Are bridging loans expensive? All your financial concerns addressed

Disclaimer

MFS are a bridging loan and buy-to-let mortgage provider, not financial advisors. Therefore, Investors are encouraged to seek professional advice.

Are bridging loans expensive

When it comes to expense, it’s all relative. Bridging loans, alternative forms of flexible finance to those found on the high street, can be costlier than their mainstream counterparts. But this expense is short-term in nature. Those asking the question why are bridging loans so expensive may want to take a step back and take a more long-term view. In truth, the question of ‘are bridging loans expensive’ may be a bit simplistic, all things considered.  Bridging loan terms typically last mere months and are designed to be exited quickly onto traditional finance or by other means, such as selling an asset.

Investors need to remember that while there may be cheaper deals on the high street, there may not be a traditional mortgage or long-term solution suitable for their individual circumstances – especially if they are complex.
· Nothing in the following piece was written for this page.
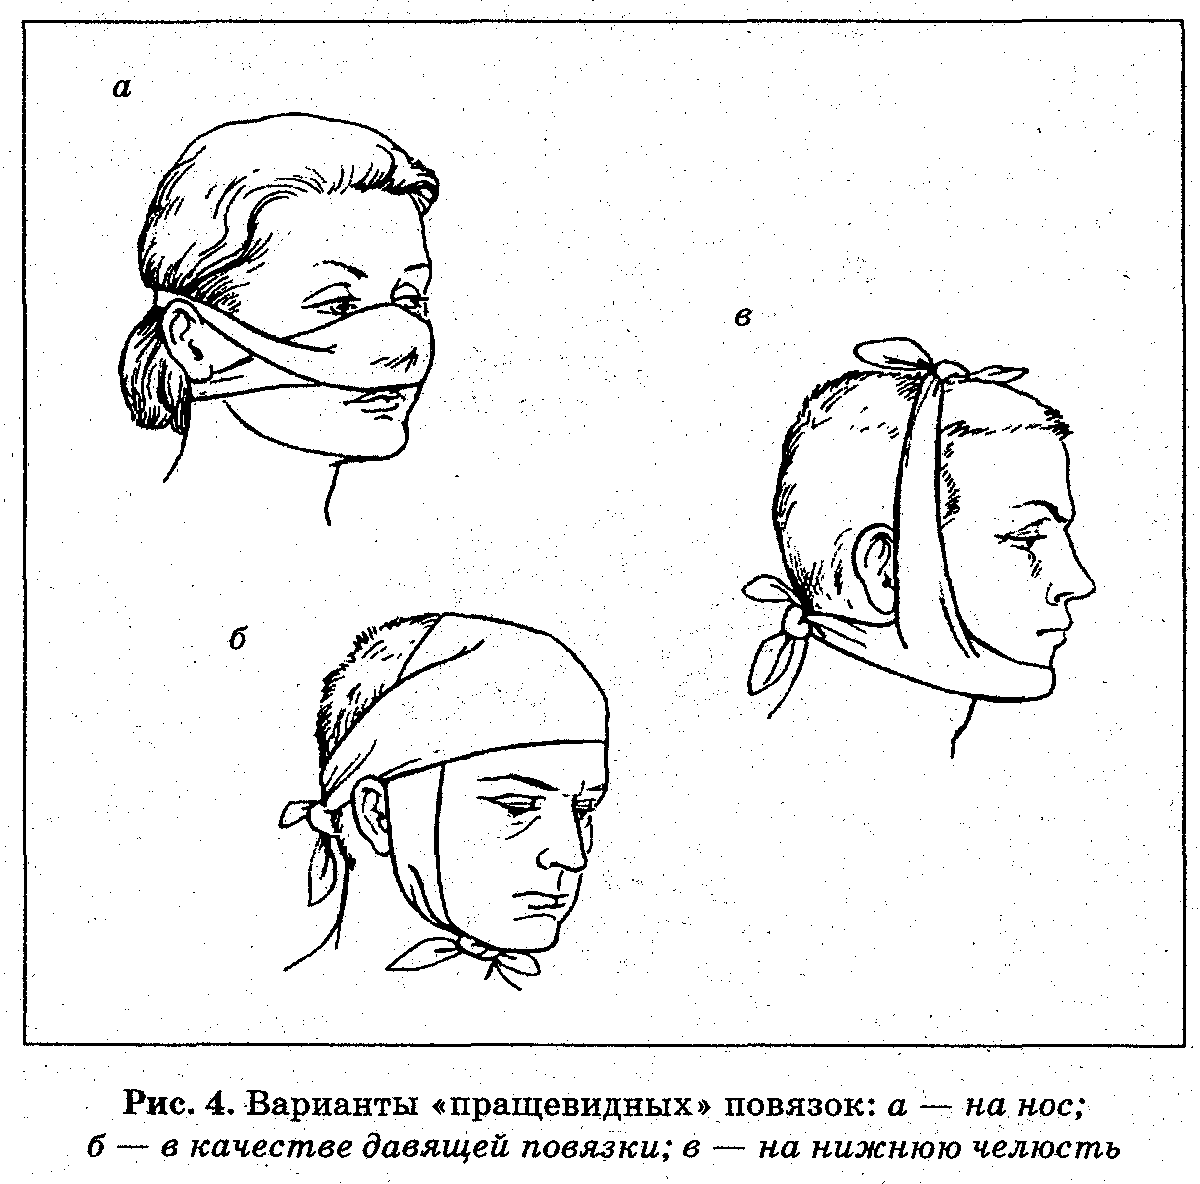 Медицинская помощь при травмах головы

Mainstream lenders pulled deals and tightened their criteria as the economic climate shifted, and this left some borrowers without the finance they needed to continue with their plans.

Specialist lenders were there to fill the void. Bridging loans can provide investors with fast and flexible finance for their residential and commercial investments.
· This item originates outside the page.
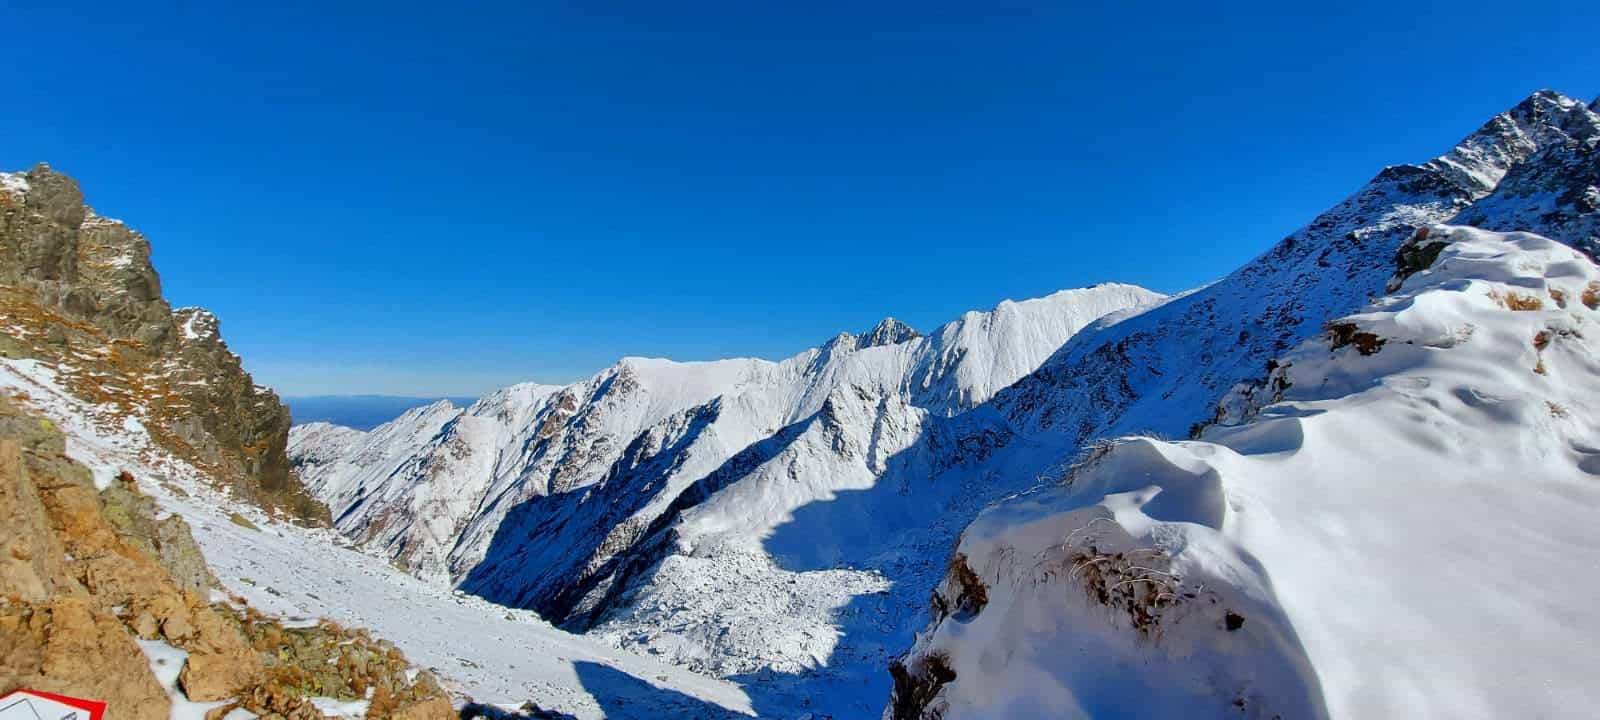 video s-a aşternut zăpada în munții făgăraș - temperaturi scăzute, umezeală și vânt

Most of the time, borrowers use some form of collateral as security, such as real estate or stock inventory. The lengths can vary depending on the bridging lender involved. At MFS, for example, our loan products are available from 3 to 24 months and are secured on property only.

Bridging loans can be difficult to understand, and many of our clients often ask, ‘why are bridging loans so expensive?’. As such, this blog will investigate their various fees that can incur. We’ll examine how expensive bridging loans are, and how investors can assess the expenses involved.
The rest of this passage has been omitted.